How can India get out of this mess without money and develop an improved educational system? The answer lies in implementing Prime Minister Modi’s own mantra of “more governance, less government.” Unlike India’s health care system (the most privatized in the world), its educational system is not deregulated to allow for-profit investment in schools and universities.

Deregulated education in India would generate more competition for public schools and private ‘nonprofit’ schools owned by politicians and influential industrialists.

The government claims it is loath to allow for-profit education in order to protect students from poor quality. But why is it acceptable to allow a profiteering hospital to perform brain surgery but objectionable to allow a student to take a math class at a for-profit university?

The Indian government should set up the accreditation framework and stand back. Whether the capital comes in the form of for-profit or nonprofit investment should not matter. Presently, the government is tying the hands of investors in the Indian educational system by mandating nonprofit institutions and, in doing so, limiting the amount of capital invested and the quality of education provided. India should learn from the successes and mistakes of other countries such as the U.S., Brazil and China that have deregulated education.

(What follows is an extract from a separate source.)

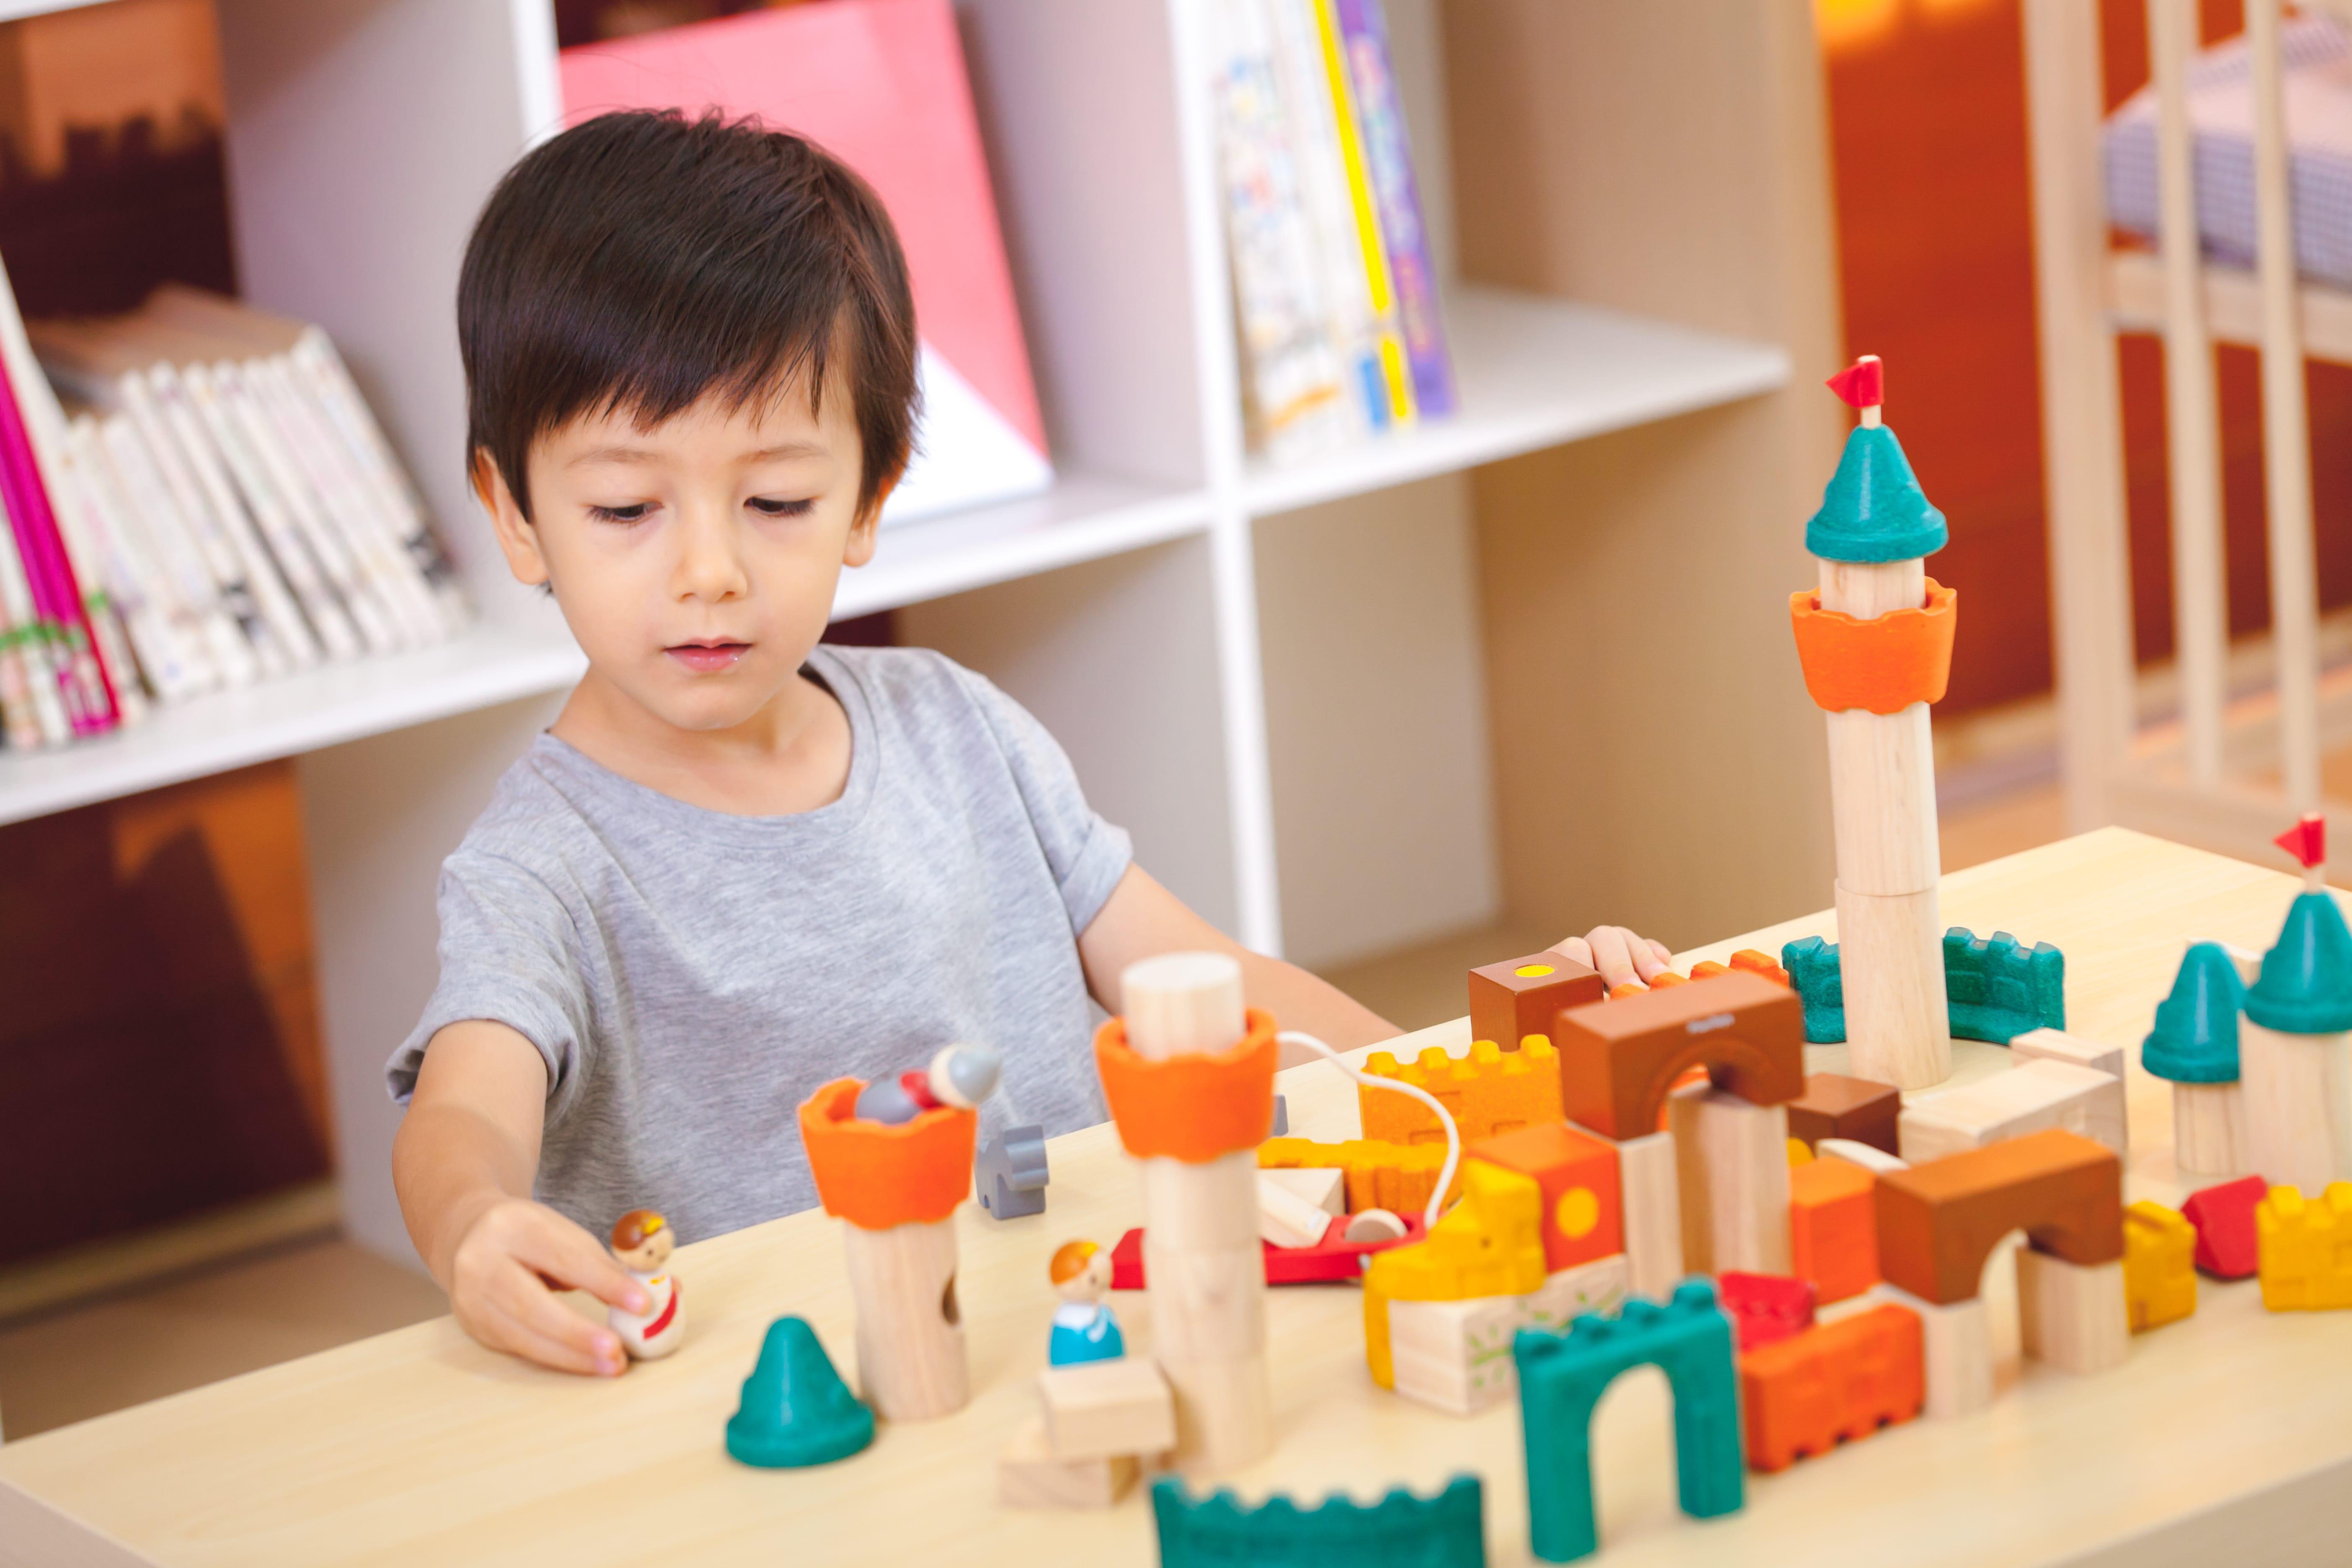 5696_PlanToys_FANTASY_BLOCKS_Blocks_and_Construction_Fine_Motor_Coordination_Creative_Tactile_3yrs_Wooden_toys_Education_toys_Safety_Toys_Non-toxic_3.jpg

Deregulation is usually opposed because it comes with the threat of job cuts or closure of government-run facilities. But in this case, deregulation does not require government investment or reduced support to existing public educational institutions. It will, however, generate more competition for public schools and private “nonprofit” schools owned by politicians and influential industrialists.

I ask once more: Do the Indian people have the will to move forward? When it comes to education, that is really all it takes to solve the problem. And in a nation of nearly 1.3 billion people, surely there is enough collective energy and willpower to make that investment in the nation’s future.